4 min read

God’s Love vs. Culture’s Love: Unmasking 3 Dangerous Lies

By Austin Fruits
September 12, 2025
Overview
  1. Lie #1: Love is Just a Feeling
  2. Lie #2: Love is a Transaction (Utility)
  3. Lie #3: Love is Selfish Desire
  4. The Truth: What the Bible Says God's Love Is

Our culture is lovesick. Partly because we are created to love, and partly because the modern understanding of love is greatly distorted. Our media is filled with stories that shape our expectations of what love should be, and it’s not always for the better. We hope for love, try it out, and are often left feeling empty and dissatisfied.

In Scripture, we read that God is love and loves perfectly, but what happens when that is read through the lens of modern culture? Culture distorts love in 3 core ways: equating love with feeling, utility, and desire. Each of these concepts fails to capture what love truly is and leaves us longing for more.

Lie #1: Love is Just a Feeling

Some of the most powerful feelings one can have are encompassed in the phrase “falling in love.” But with the power of those emotions comes culture’s desire to romanticize love and mistake the feeling of love for what love is. To say love is only a feeling is to treat it as a temporary emotional experience—butterflies in the stomach or a “happily ever after.”

The Destructive Consequence

We all know feelings fade. To base love on feelings leads to instability as emotions shift and waver. If love is just a feeling, what happens when attraction fades or when hardship strikes? Does that mean we’ve simply “fallen out of love”? According to this understanding, when the spark dies, so does the relationship. This leads to instability, anxiety, and a restless pursuit of the next good feeling.

Lie #2: Love is a Transaction (Utility)

Love requires a choice, which is part of what makes it meaningful. An act of love displays the value of the one being chosen. But human beings are selfish, and sadly that choice is often manipulated for personal gain. Our consumer culture teaches us to view relationships as transactional. Love’s value only goes as far as its usefulness. This is witnessed when people hold love over someone’s head for manipulation or say, “I won’t love you unless…”.

The Destructive Consequence

This conditional, utilitarian love leads to fear, insecurity, and unhealthy performance-based acceptance. At its core, it reduces people to tools that only have instrumental value. We long to be loved for who we are, not what we can provide. This transactional approach feels more like captivity than freedom.

Lie #3: Love is Selfish Desire

Love partly consists of desire, but far too often, love is reduced only to desire. Our culture, hypersexualized by pornography and hookups, often equates lust with love. This is to say that love is simply the desire for something. If I desire it, if I want it, then I love it.

Another distortion is to say love equals affirmation—that the only loving response is to affirm whatever someone chooses to do. Yet love without truth can affirm someone right into their own destruction.

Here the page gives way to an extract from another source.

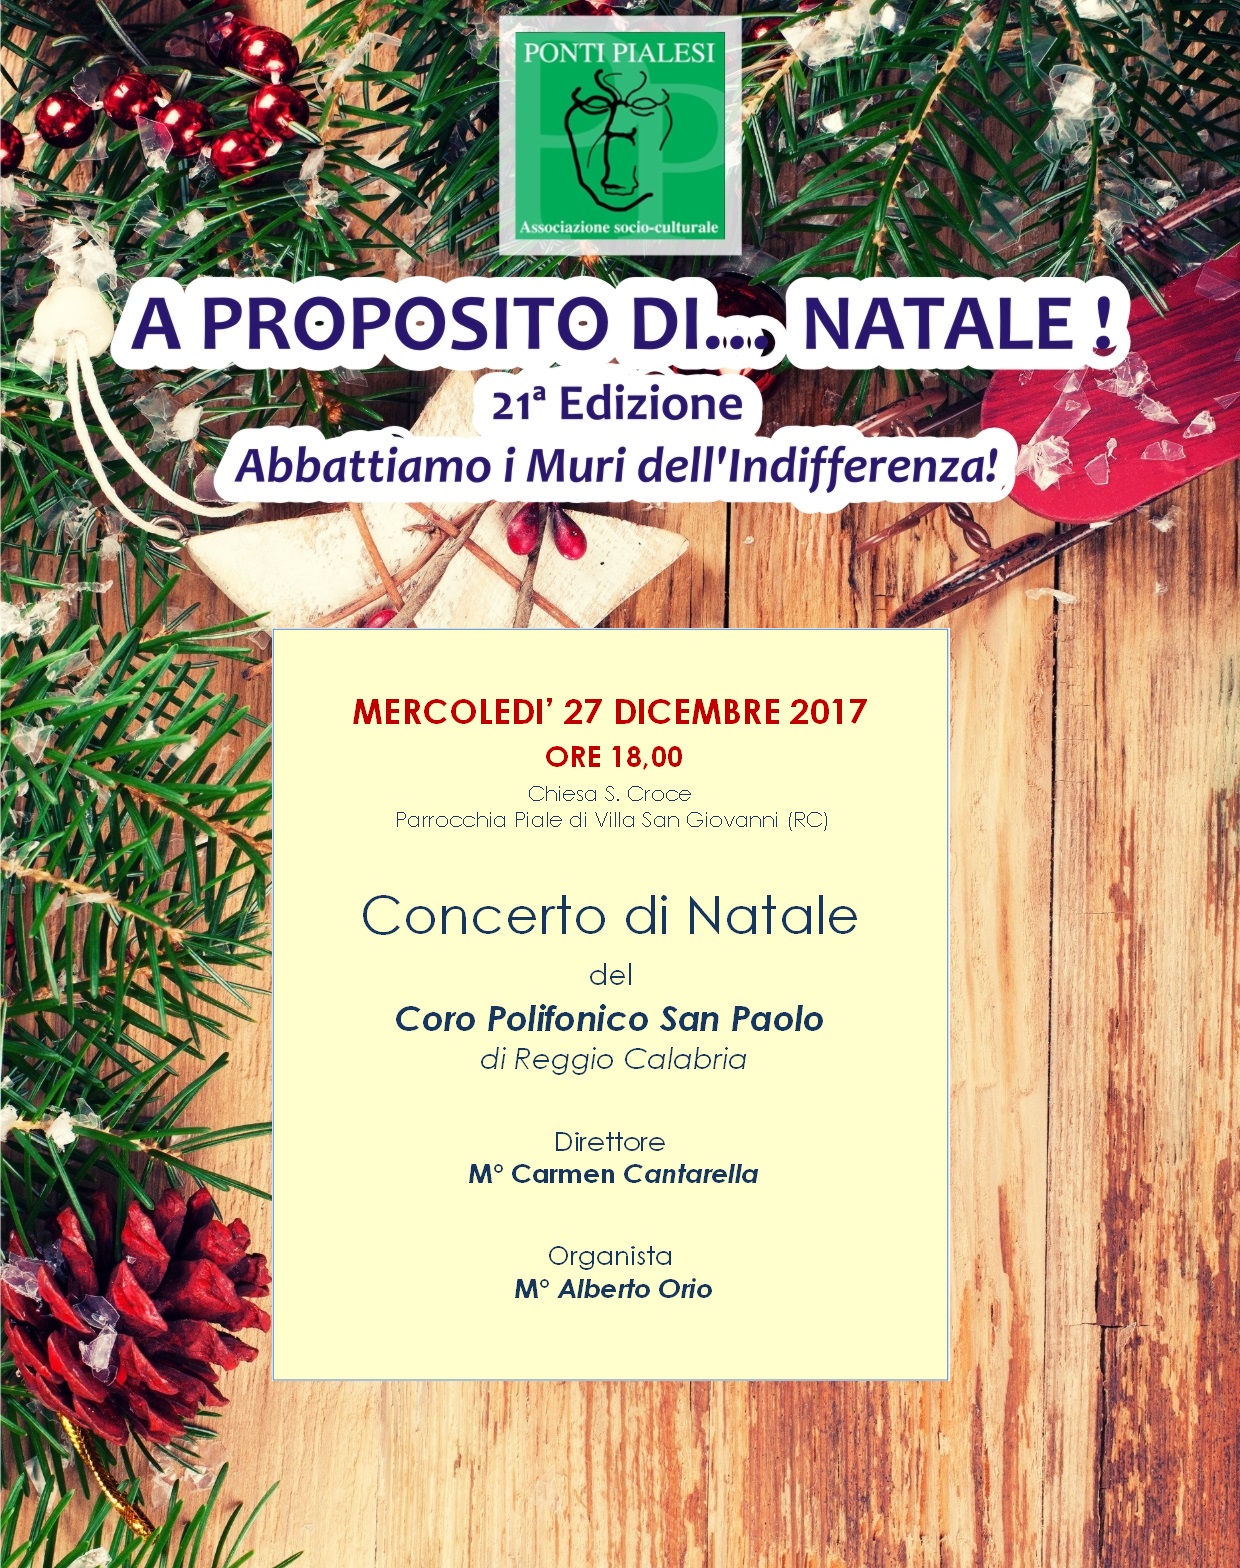 PONTI PIALESI - CONCERTO DI NATALE del Coro San Paolo di Reggio Calabria - 27 dic 2017

The Destructive Consequence

Love as mere desire consumes rather than gives. It objectifies people, and though temporary cravings may be satisfied, it leaves a profound emptiness behind. Deep down, we long for intimacy and faithfulness—not to be consumed.

The Truth: What the Bible Says God’s Love Is

So how does Scripture shatter these distortions? In 1 John 4:8 we read, “God is love.” This does not mean God has loving feelings; it means love is His very being and character.

  • God’s Love is Unchanging: Unlike feelings, God’s love is not fickle because His character does not change (Malachi 3:6).
  • God’s Love is a Choice: In Ephesians 1:4-5, we read that God chooses us. Romans 5:8 says that while we were still sinners, Christ died for us. His love is not a transaction dependent on our actions; it is freely given because we are inherently valuable as his creation.
  • God’s Love is Sacrificial: My dad taught me, “love is an act of my will for the betterment of someone else, regardless of the cost.” Jesus states in John 15:13 that “greater love has no one than this: to lay down one’s life for one’s friend.”

While culture’s distorted love produces fragile and fleeting relationships, God’s love is true, faithful, freeing, and forever. Love is not simply what you feel, use, or want—it’s who God is, best represented by the Son of God dying on a cross for you.